And yet, for those who know
Themselves, who wisely take
Their way through life, and bow
To what they cannot break,
Why should I say that life need yield but moderate bliss?

Shall we, with temper spoil'd,
Health sapp'd by living ill,
And judgment all embroil'd
By sadness and self-will,
Shall we judge what for man is not true bliss or is?

Is it so small a thing
To have enjoy'd the sun,
To have lived light in the spring,
To have loved, to have thought, to have done;
To have advanced true friends, and beat down baffling foes—

That we must feign a bliss
Of doubtful future date,
And, while we dream on this,
Lose all our present state,
And relegate to worlds yet distant our repose?

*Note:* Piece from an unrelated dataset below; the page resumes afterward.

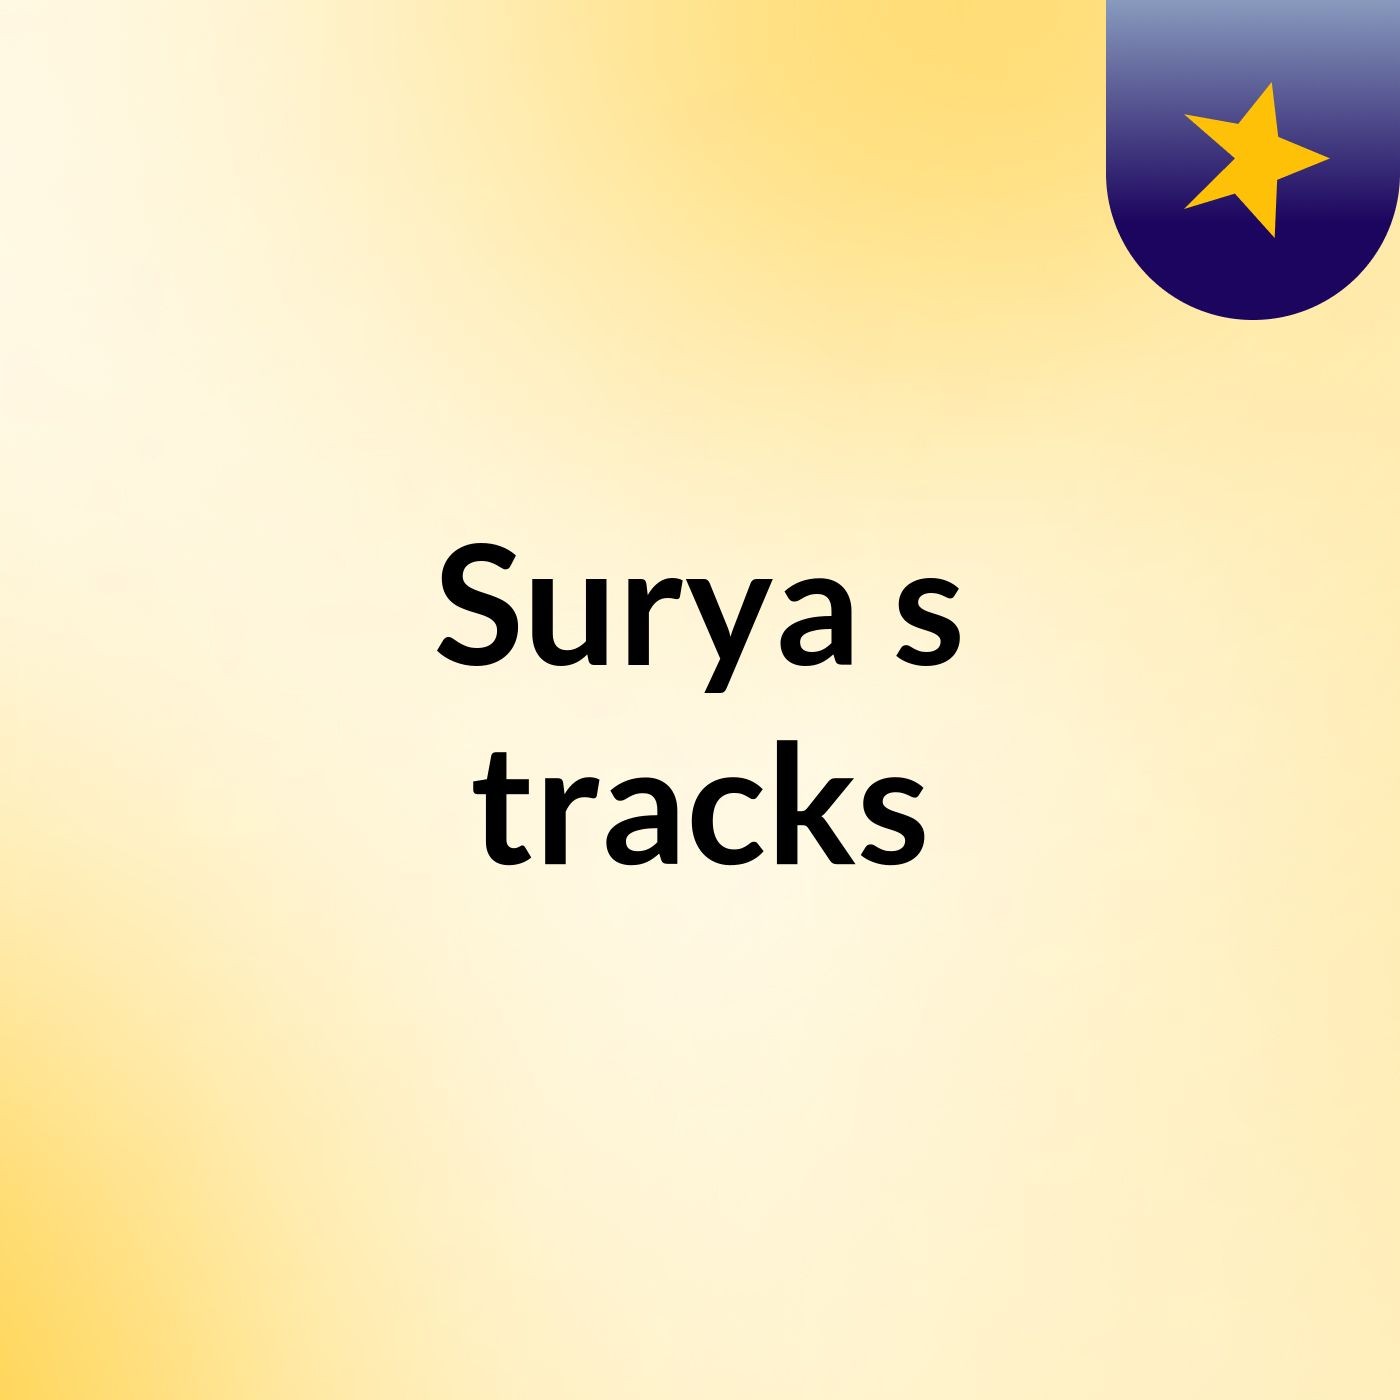 Surya's tracks

Not much, I know, you prize
What pleasures may be had,
Who look on life with eyes
Estranged, like mine, and sad;
And yet the village-churl feels the truth more than you,

Who's loath to leave this life
Which to him little yields—
His hard-task'd sunburnt wife,
His often-labour'd fields,
The boors with whom he talk'd, the country-spots he knew.

But thou, because thou hear'st
Men scoff at Heaven and Fate,
Because the Gods thou fear'st
Fail to make blest thy state,
Tremblest, and wilt not dare to trust the joys there are!

I say: Fear not! Life still
Leaves human effort scope.
But, since life teems with ill,
Nurse no extravagant hope:
Because thou must not dream, thou need'st not then despair!

A long pause. At the end of it the notes of a harp
below are again heard, and Callicles sings:—

Far, far from here,
The Adriatic breaks in a warm bay
Among the green Illyrian hills; and there
The sunshine in the happy glens is fair,
And by the sea, and in the brakes.
The grass is cool, the sea-side air
Buoyant and fresh, the mountain flowers
More virginal and sweet than ours.
And there, they say, two bright and aged snakes,
Who once were Cadmus and Harmonia,
Bask in the glens or on the warm sea-shore,
In breathless quiet, after all their ills;
Nor do they see their country, nor the place
Where the Sphinx lived among the frowning hills,
Nor the unhappy palace of their race,
Nor Thebes, nor the Ismenus, any more.